About a two hour drive West of the capital, towards the Sierra Leone border you find a quiet and peaceful beach called Robertsport. The second half of the drive was bumpy dirt roads leading down to a small village by the beach, where there were just a few bungalows and one restaurants, a true paradise known for having some of West Africas best waves for surfing.
Taxis run the whole way from the Douala district in Monrovia for just over 4 US dollars, but I was lucky enough to catch a ride with some American expats who were going there on a weekend escape.
Nanas Lodge had tents for rent and let me pitch my own tent for 5 dollars a night. I negotiated a surf board rent for 5 dollars a day and spent the mornings and afternoons, when the waves were at their peaks, surfing with a few local kids who used surfboards that had been left behind by travelers or simply simple home made wooden boards.
There was a beach break called Fisherman’s which would be perfect for beginners with whitewater waves in shallow water, but I spent my time by the rocks next to the camp sites which was a fantastic left hand break.
In the evening we went over to another lodge which was being built by some good guys who made bonfires every evening. They told me that they would open their surf camp in November with a pool, cheap air conditioned sleeping pods and even a woodfired pizza oven which will turn Robertsport into a backpackers Mecca. I can’t wait to get back to this place to see what it is like when it is done!
It is hard to find any information other than scientific articles about the monkey island in Liberia. There is almost no information about people who have visited it, probably for the reason that it is in fact not a tourist site.
What it is: Monkey island is just a nickname for several islands about a 100km drive from Monrovia where chimpanzees from science labs were released out into the wild about twenty years ago. This was due to pressure from the growing number of people protesting on animal testing.
How to get there: From Broad Street in Monrovia you need to take a shared taxi (45mins/80cent) to the LRA building. From there you need to take another shared taxi (50mins/1,20$) to the airport. From the airport you hail down a motorcycle taxi and haggle hard for the last 35km on a bumpy dirt road, in my case I got it for 250 Liberian dollar which is 1,75$).
The boat ride: You can either go with a speedboat which feeds them mornings and afternoons for 30$ or you can ask one of the fishermen in a canoo like I did. I paid 10$ for a 30min ride at 1pm so that we made it there to the second feeding at 1.30pm.
Taking pictures: is not allowed. Probably because this, like I mentioned, is not a tourist attraction, but money always talks in Africa so you could ask the locals not to tell anyone if you want to take some pictures once the workers who are feeding the animals have gone.
The experience: was incredible. It was absolutely exhilarating watching them from a boat just a couple of meeters away, knowing that they can tear you apart if they would get angry and jump on your boat.
Be prepared if you are going there. Most people will not know where the place is, but you can find it on Google maps and just be persistent when trying to make the local fishermen take you. Chimpanzees are an endangered species with less than 100 000 of them left the world and everywhere else you would have to pay hundreds of dollars to see them in the wild. Seeing them walk around on two legs, stretching their hands out with humanlike expressions is something truly unique. I feel really lucky to have experienced it and if you read this I would urge you too to go see them while it is still possible.

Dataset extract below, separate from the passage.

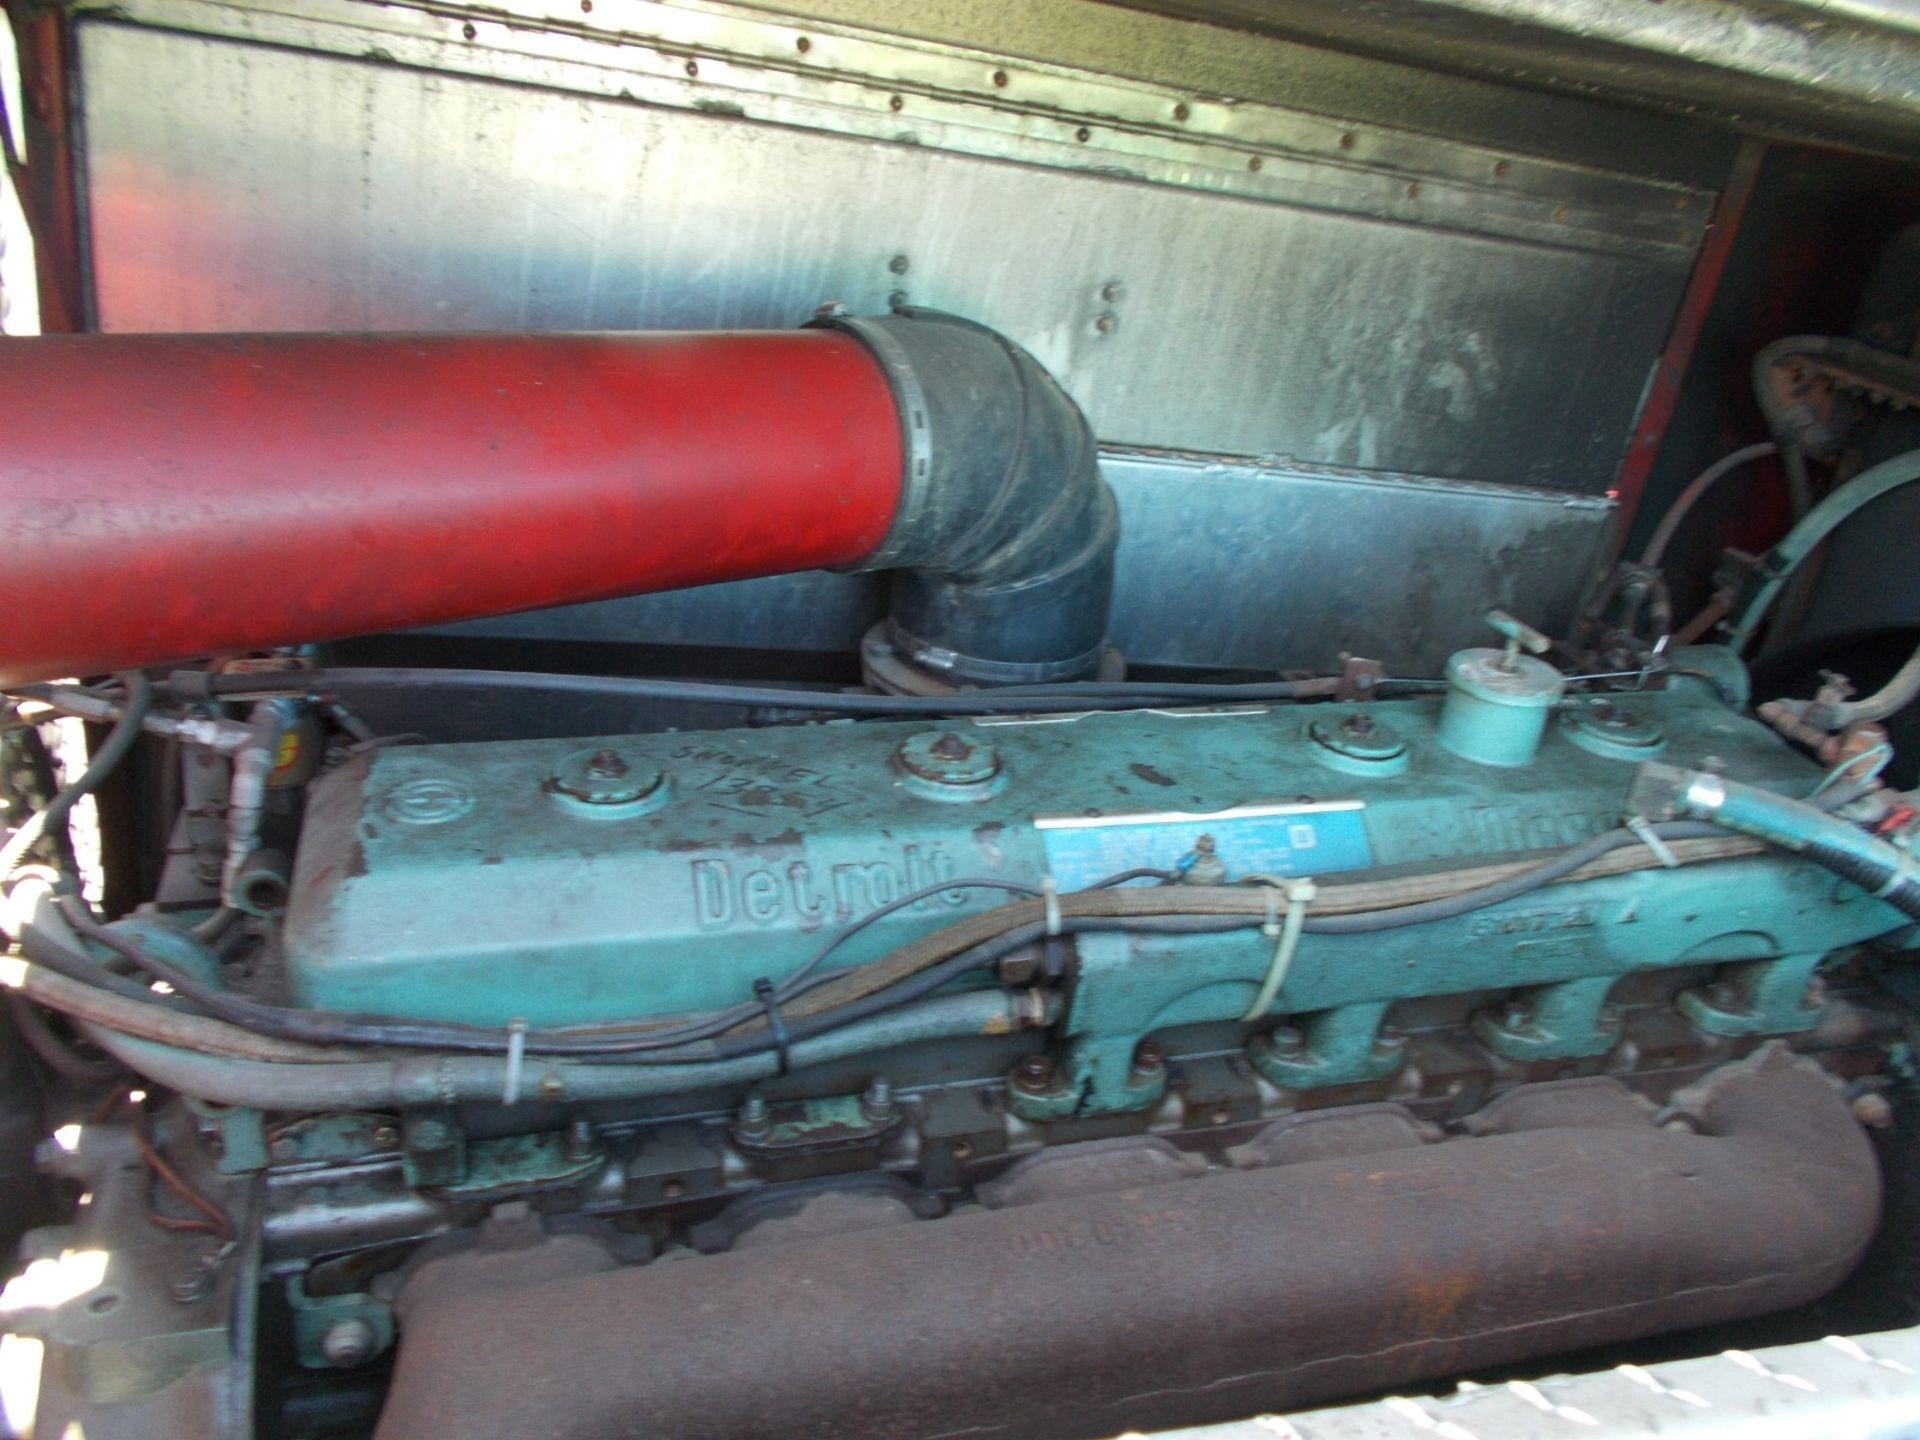 1978 HENDRICKSON 871-LPS SNORKEL FIRE TRUCK, U.S. IMPORT, 7.0 LITRE DETROIT DIESEL ENGINE *PLUS VAT* - Image 22 of 22

The New Market near Mamba Point
Oh how I had longed to come back to a West African city. To the lovely chaos, dirty streets and water served in plastic bags. To the simplest shack restaurants were people were drinking beer from the morning on and all you could order was rice with whatever sauce they were cooking that day. Liberia was my last country to be visited in West Africa and had all of that, but with a little bit of an American twist. This is probably as the country was given to people who had been freed from the slavery in the US.
A monument next to the Duncor Hotel
For some reason I had imagined there being american diners and maybe some Miami style art deco architecture, but after walking around the city for hours every day I did not see any of that. Instead I found the Liberians to speak a bit different English than the British colonies of Sierra Leone, Ghana and Nigeria, they used the US dollar in addition to the local liberty dollar and a lot of big american automatic gear cars driving around on the road.
Most of the time I was couchsurfing with a local guy called Henry who ran a simple shack bar on Mamba Beach, but after a couple of nights sleeping on his floor I decided to move into the 5$ Chief’s lodge on Miami beach. The best time spent was sitting with locals in the evening chatting and drinking local beer while the widespread marijuana smell and the sound of loud afro beats and crushing waves in the background. The last nights I got to spend couchsurfing in a more comfortable upscale apartment, relaxing and reflecting on my experiences in the last months traveling in Africa.
For anyone visiting Monrovia, a couple of days should be enough to see the markets, the huge Duncor hotel constructed by Gadaffi and enjoying the view from the hilltop, but another extra days could also be relaxing hanging out with friendly English speaking locals around the beaches.